Formatted Title
Optimizing NAPL Remediation in a Complex, Urban Setting: Surfactant Enhanced Extractions and In Situ Chemical Oxidations
Background/Objectives
In situ remediation of NAPL in low permeability and heterogenous lithologies is a challenge for remediation practitioners. Common remediation methods like excavation, ex situ thermal desorption, and in situ soil mixing can prove difficult to implement, especially in deeper zones, areas with critical utility lines, or in urban settings. Complex, expensive equipment and emissions controls can be required for such applications. And in these complicated settings, other in situ remediation methods like dual-phase extraction and pump and treat are often operated for many years due to their limited capture rates from heterogeneous, low permeability soils.
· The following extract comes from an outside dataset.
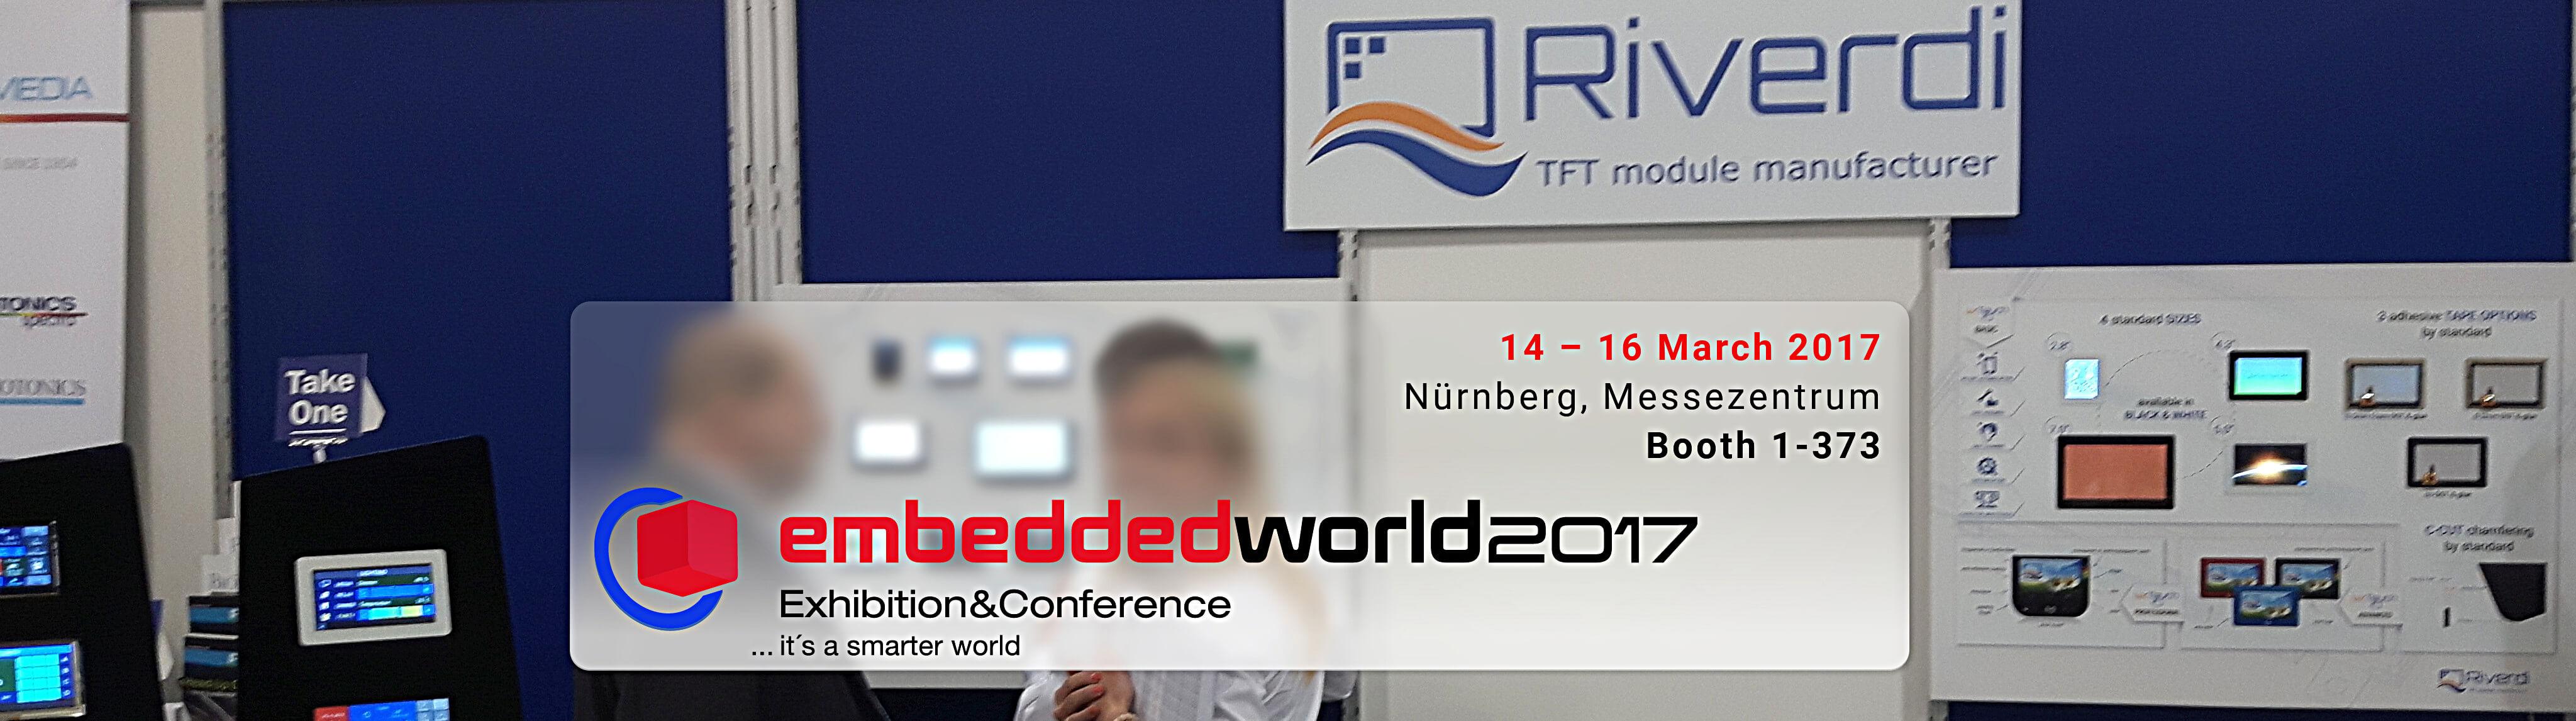 embedded2017_

In such settings, a sequenced treatment train approach of combined remedies may be appropriate to maximize NAPL removal/destruction rates during shorter operational timeframes.
Approach/Activities
This presentation will focus on a recent and yet-to-be publicized 2022-23 case study where remedial design and implementation were both optimized to enhance NAPL removal/destruction rates to meet long-term objectives in less than one year so the Site could be transferred for public use. The Site included a former MGP facility and gas holder. DNAPL impacts including polycyclic aromatic hydrocarbons (PAHs) were present from approximately 15 to 40 feet below ground surface (ft bgs) across the nearly 29,000 square foot treatment area. Extraction of free phase DNAPL was accomplished through 34 dual-purpose extraction/injection wells. Surfactant enhanced product recovery (SEPR) was conducted to increase mass extraction rates by injecting surfactant solutions at fixed wells and temporary DPT points. After diminishing mass extraction rates were achieved, in-situ chemical oxidation (ISCO) injections were performed at over 210 locations to destroy residual, non-extractable PAH impacts.
Results/Lessons Learned
Four types of NAPL extraction pumps were fielded to maximize recovery rates from different zones across the Site (using nearly 30 pumps in total). Optimizations to the aboveground liquid treatment system were designed to “de-emulsify” extracted NAPL from surfactants and groundwater. SEPR operations removed ~165,000 gallons of DNAPL-surfactant-groundwater emulsion from the Site’s subsurface. During the second phase of remediation, ~70,000 pounds of ISCO amendments were injected. Portions of the extraction system were dynamically operated to enhance ISCO distribution during several portions of the ISCO injection phase. This presentation will highlight the interpretation and use of on-site data to optimize the performance of sequential SEPR and ISCO remedies.